Hastalığı hafif atlamasındaki en büyük faktörleri hayatında yaptığı değişikliklere bağlayan Göksoy, şöyle devam etti:
“Son 10 yılda kendimle ilgili çok büyük değişiklikler yaptım. Biyolojik hayatımla ilgili olarak. Mahcup bir tabirle söylemek isterim, günde iki paket sigara içen bir insandım. Sigarayı bıraktım. Hayatımın her periyodunda çok şişman bir insandım. 170 kilogramın üzerine çıkmıştım, 70 kilogram verdim. Hareketsiz, sıhhatsiz, çok yiyen bir insandım. Hayatımın ortasına sporu koydum. Haftada üç gün kesinlikle yüzüyorum. Günlük adım sayıma çok ihtimam gösteriyorum. Istikrarlı ve sağlıklı beslenen bir birey haline geldim. Bütün bunları son 10 senede yaptım. Geri dönüp baktığımda tıbbi literatür bilgileri doğrultusunda kendime şunu soruyorum; 10 sene evvel her ne kadar 10 yaş daha genç olmama karşın bu hastalığa yakalansaydım, nasıl seyrederdi? Görünen o ki çok kestirilebilir değil lakin büyük ihtimalle çok ağır seyrederdi.

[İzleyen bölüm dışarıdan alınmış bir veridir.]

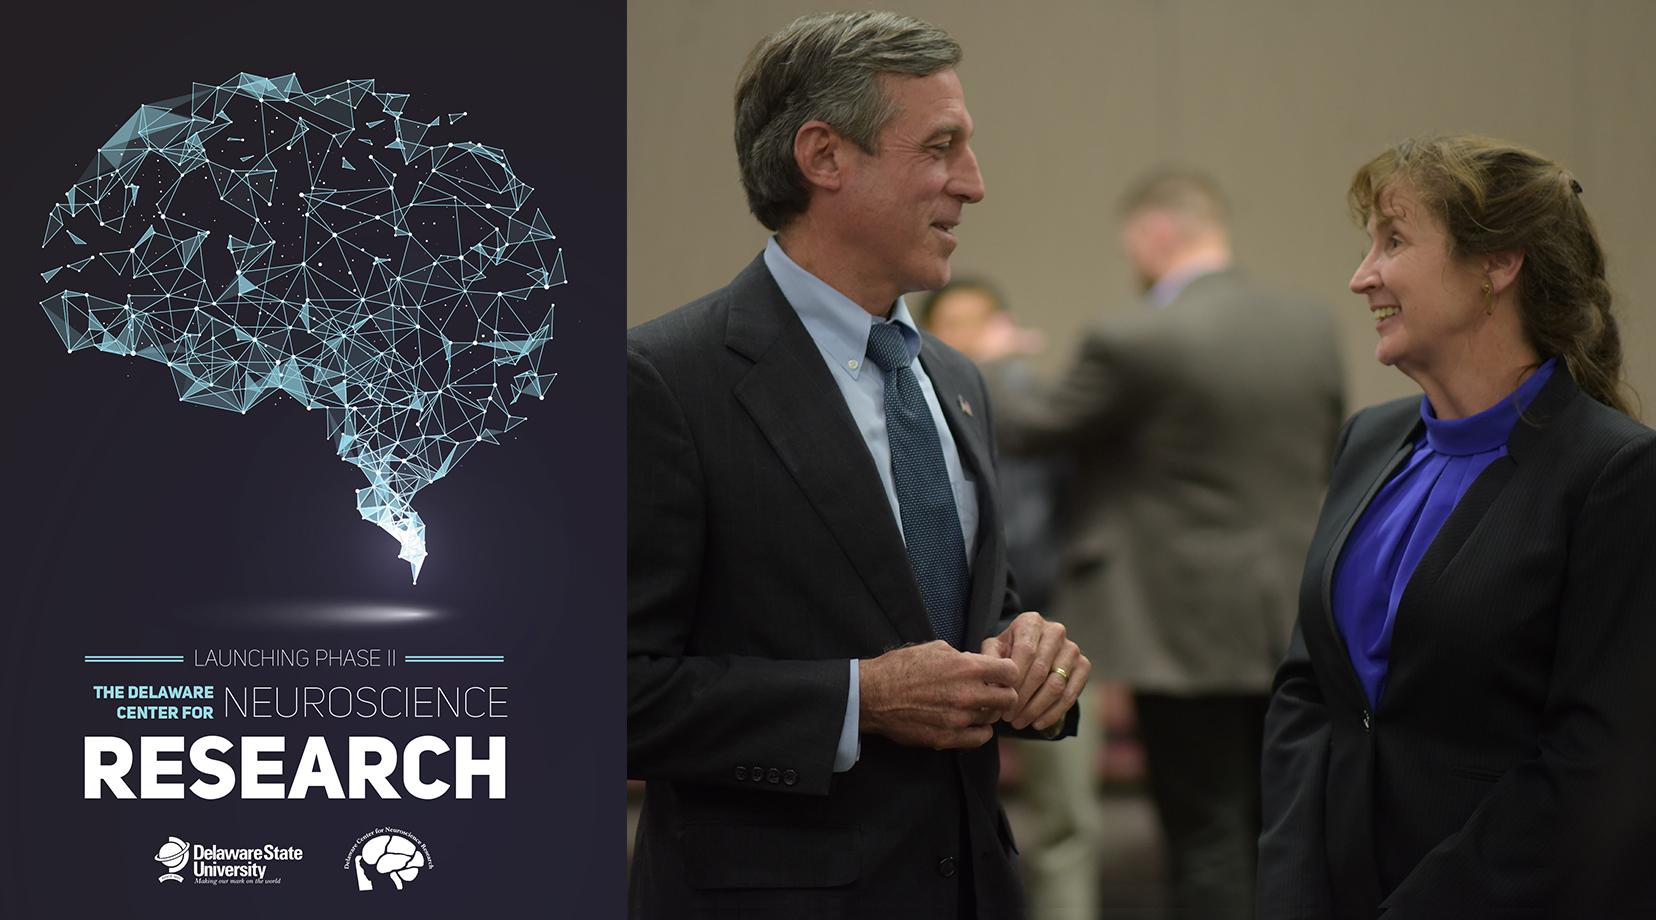 DSU Neuroscience Center awarded $10.9M NIH grant

Sigarayı bırakarak, kilo vererek, istikrarlı beslenerek hareketli bir insan haline gelmek suretiyle son 10 yıldır Kovid’e hazırlık yapıyormuşum. Bedeninize ihtimam gösterin, sağlıklı olun, sigara içmeyin, idman yapın, istikrarlı beslenin, kilonuza dikkat edin, Kovid’e yakalanmasanız bile ömrünüz uzamış olur. Sağlıklı bir ömür yaşamak ismine bu çok kıymetli. Bedenimize ne kadar iyi bakarsak onun semeresini görüyoruz, bedenimize ne kadar makûs bakarsak onun ceremesini çekiyoruz. Sağlam baş sağlam bedende bulunuyor.”
“HASTANEDEKİ ODAMDA 6 KİLOMETREDEN FAZLA YÜRÜMÜŞÜM”

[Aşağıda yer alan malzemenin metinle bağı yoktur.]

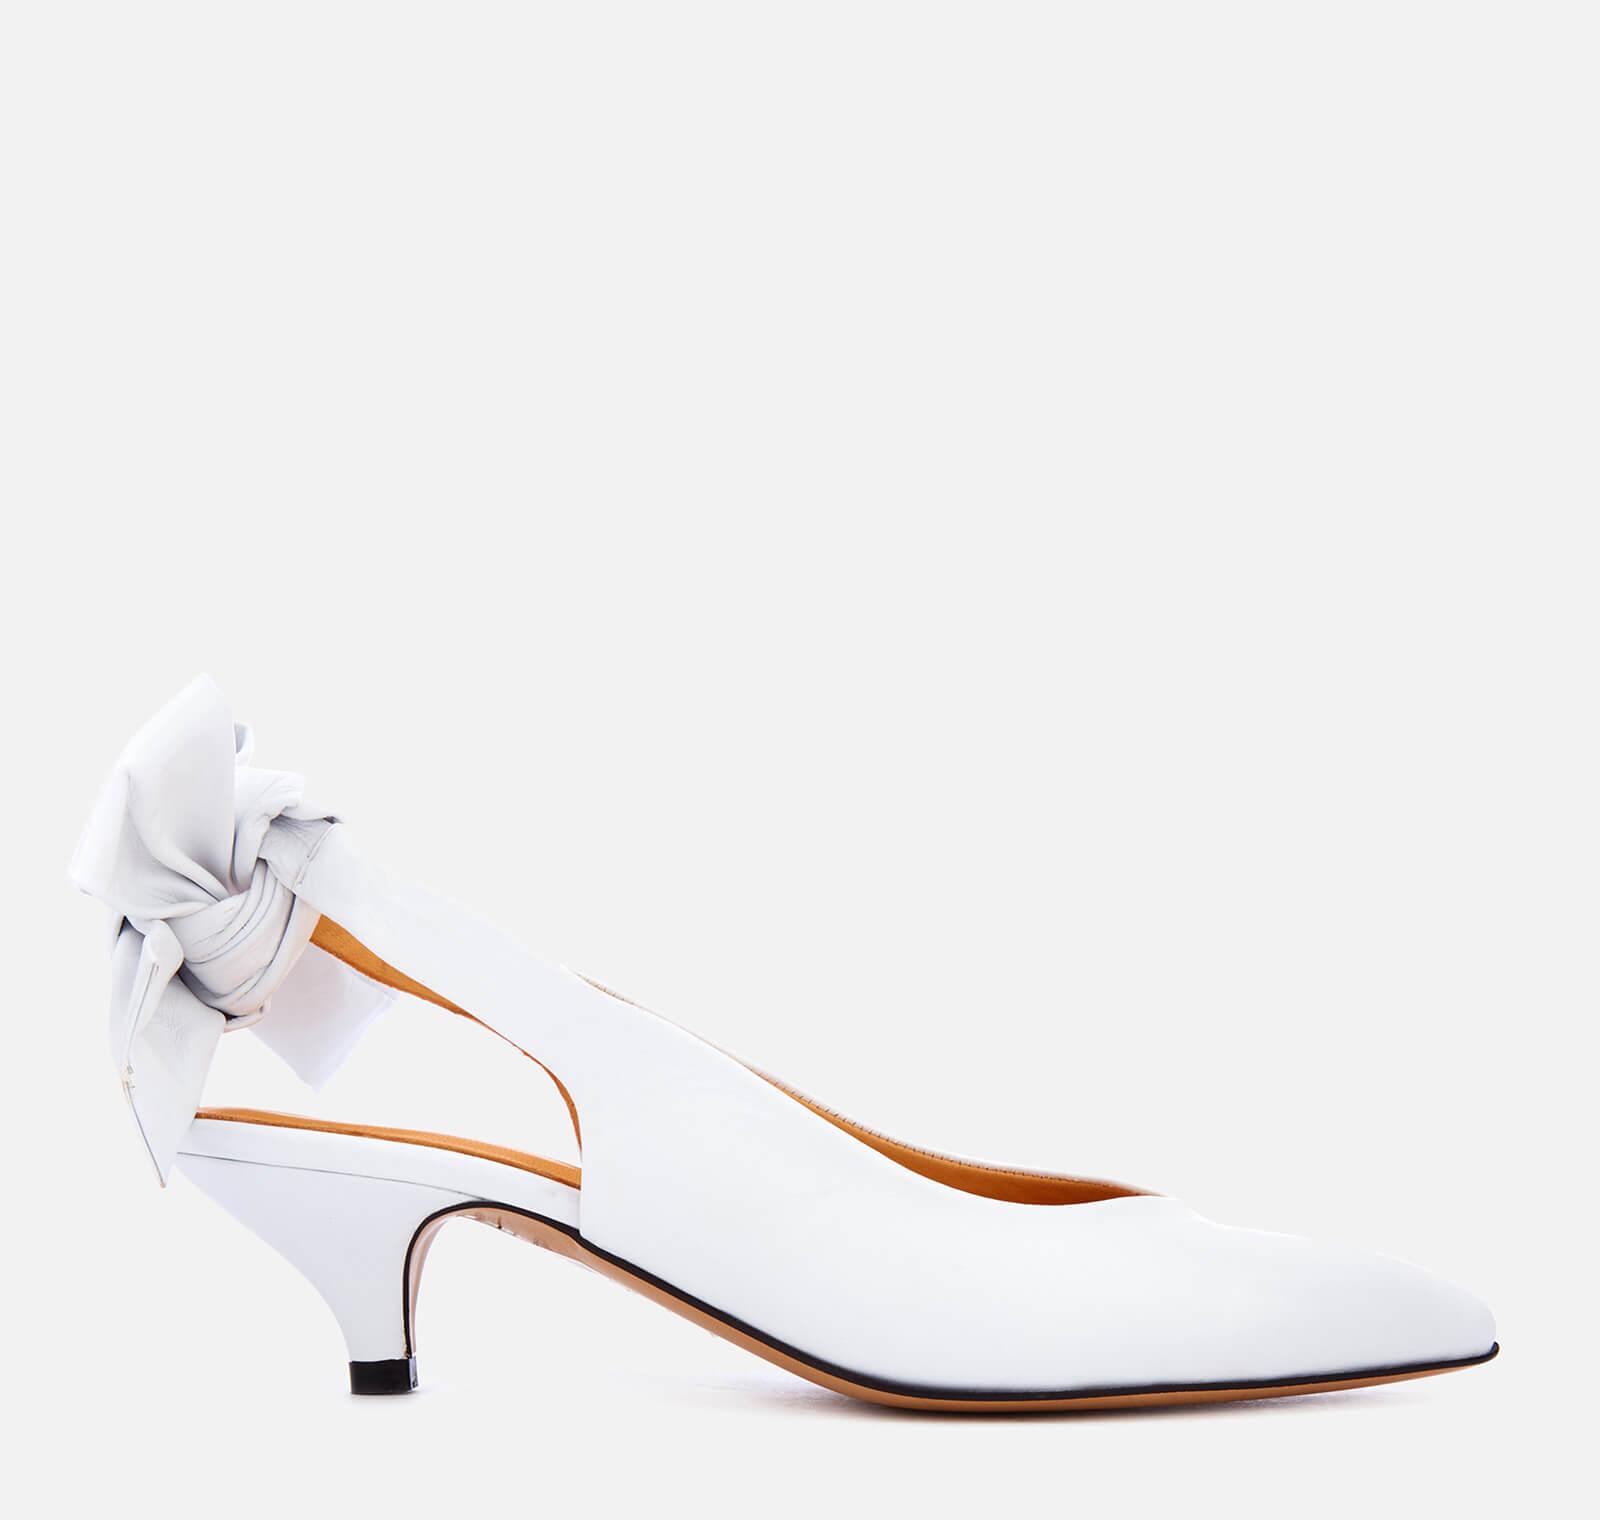 914237f9aa Ganni Women's Sabine Sling Back Kitten Heels - Bright White

Hastanedeki tedavi sürecini nasıl geçirdiğine ait de Göksoy, şöyle konuştu:
“Sağlık çalışanı olmam sebebiyle daha evvel Gülhaneliler tarafından hiç yalnız bırakılmamıştım. Bu süreçte ise hiç ziyaretçim olmadı. Bu güç bir durum. Telefonlar susmuyor, toplumsal medyadan beşerler arıyorlar. Onun ötesinde bol bol okuma fırsatı buldum. Günlük koşuşturma içerisinde yapamadığım şeyleri ortadan çıkarma fırsatı buldum. Günlük hayatımda spor yaparak, istikrarlı beslenerek psikolojimin yüksek kalmasını sağlamışım. Kovid devrinde ruhsal olarak da beni destekledi. Saatimde ve cep telefonumdaki kayıtlardan anlıyorum ki hastanede yattığım tarihlerden ikisinde oda içerisinde 6 kilometreden fazla yürümüşüm. Hareketli olmak, sağlıklı olmak isteyen beşerler için mahzur yok, kâfi ki beşerler hareket etmek istesinler.”

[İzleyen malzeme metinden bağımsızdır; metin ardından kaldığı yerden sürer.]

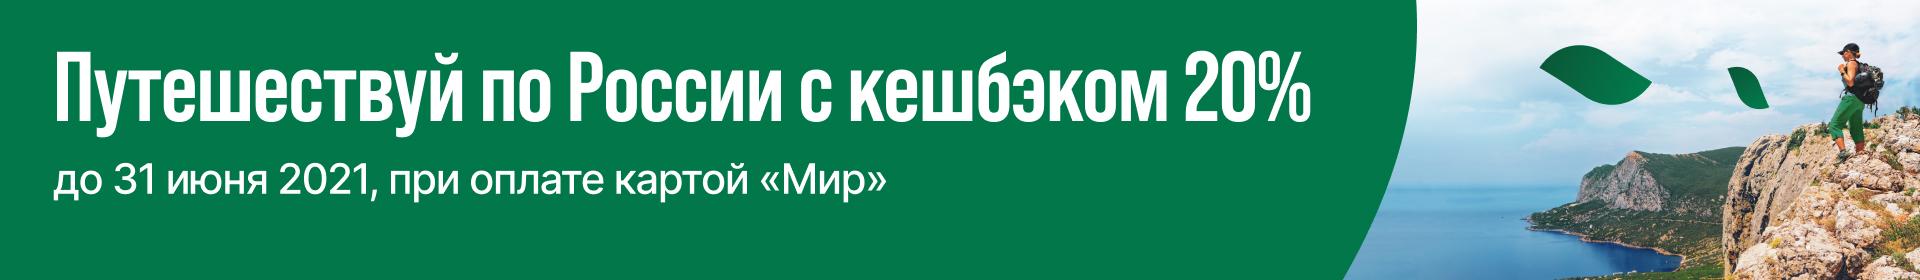 Отдыхайте в России и получайте кешбэк 20%

“MASKEYİ BİR AKSESUAR OLARAK KULLANMAYALIM”
Prof. Dr. Göksoy, son günlerde yaşanan olay sayılarındaki artışa ait de şu değerlendirmeyi yaptı:
“Bu virüs maalesef ultraviyoleden, hava sıcaklıklarından ümit edildiği kadar etkilenmedi. Beklentilerimiz havaların ısınmasıyla birlikte bu sayıların çok daha azalacağı istikametindeydi. Yapılacak şeyler kolay. Maskeyi bir aksesuar olarak değil ağzı ve burnu kapatacak halde kullanalım. Toplumsal araya ve ferdî hijyene itina gösterelim. Bunların yapılması bile bu hastalıktan korunma bağlamında çok değerli yol kat etmeye yetiyor. Toplumda önemli bir rehavet var. Bir akademisyen olarak bu hususta dert duyduğumu söz etmeliyim.”